Susan Holmes (born October 8, 1942) is an American politician, farmer, former teacher, and former postmaster from Georgia. Holmes is a Republican member of the Georgia House of Representatives from the 129th District.

Early life 
Holmes was born in Jasper County, Georgia. Holmes graduated from Monticello High School.

Education 
Holmes earned a Bachelor of Science degree in Business Education from University of Georgia.

Career 
Holmes is a cotton and dairy farmer in Jasper County, Georgia.

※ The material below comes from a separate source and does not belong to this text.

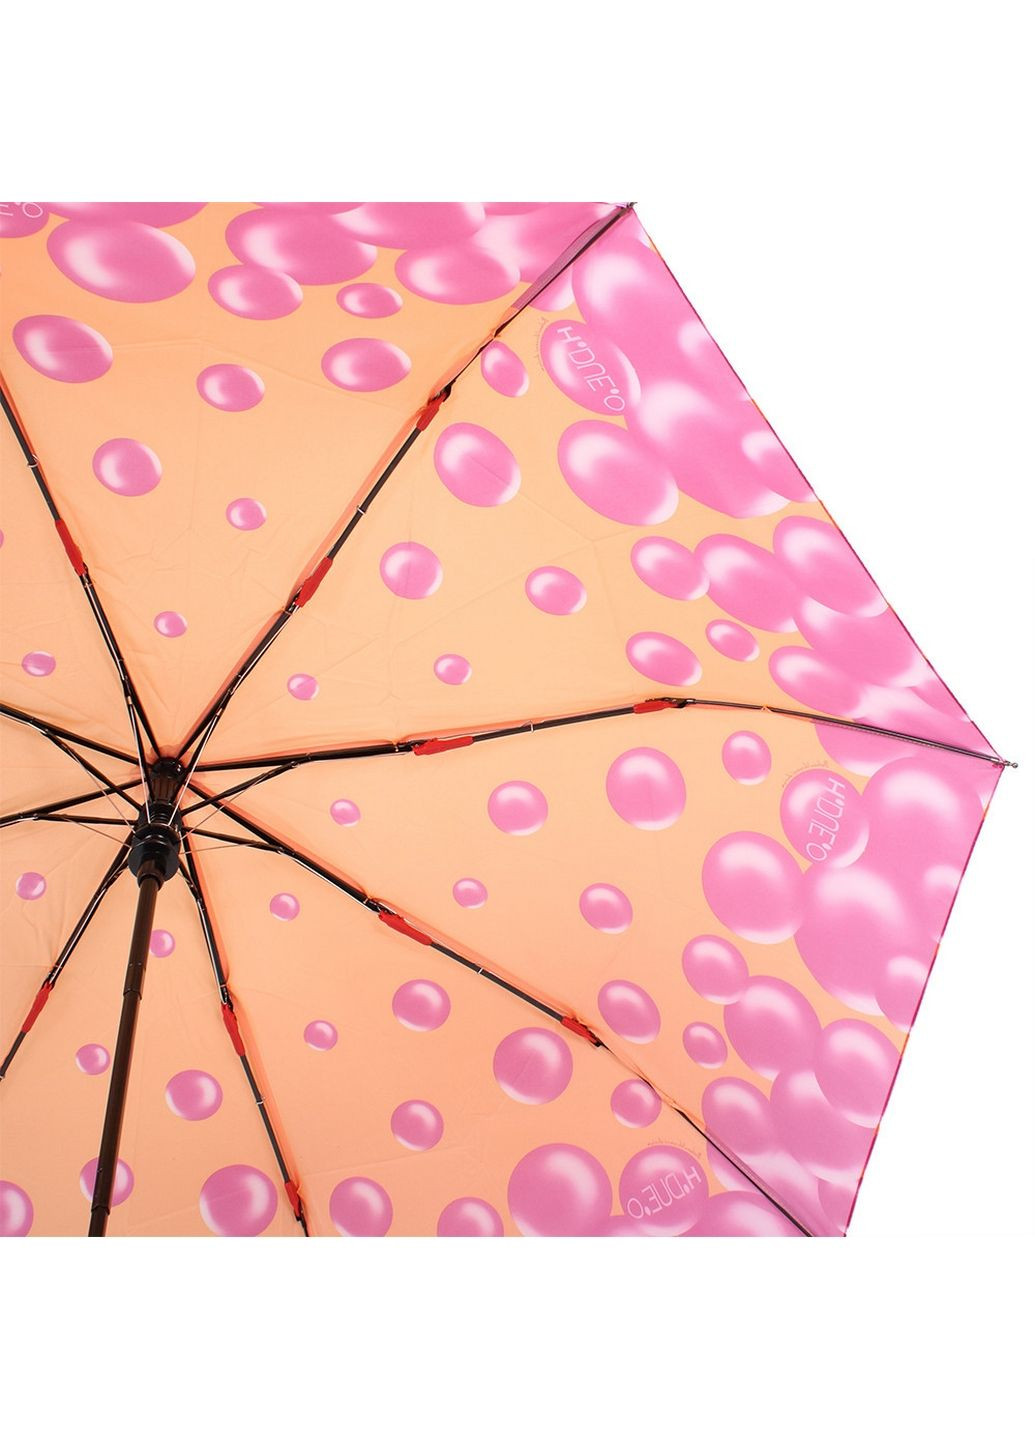 Жіноча складна парасолька напівавтомат H.DUE.O (282595068)

Holmes is a former teacher and postmaster.

In 1998, Holmes became the first woman mayor of Monticello, Georgia, until 2010.

In January 2007, Holmes was appointed by President George W. Bush as the State Executive Director of the Farm Service Agency for Georgia.

On November 2, 2010, Holmes won the election and became a Republican member of Georgia House of Representatives for District 125. Holmes defeated David Gault with 64.74% of the votes.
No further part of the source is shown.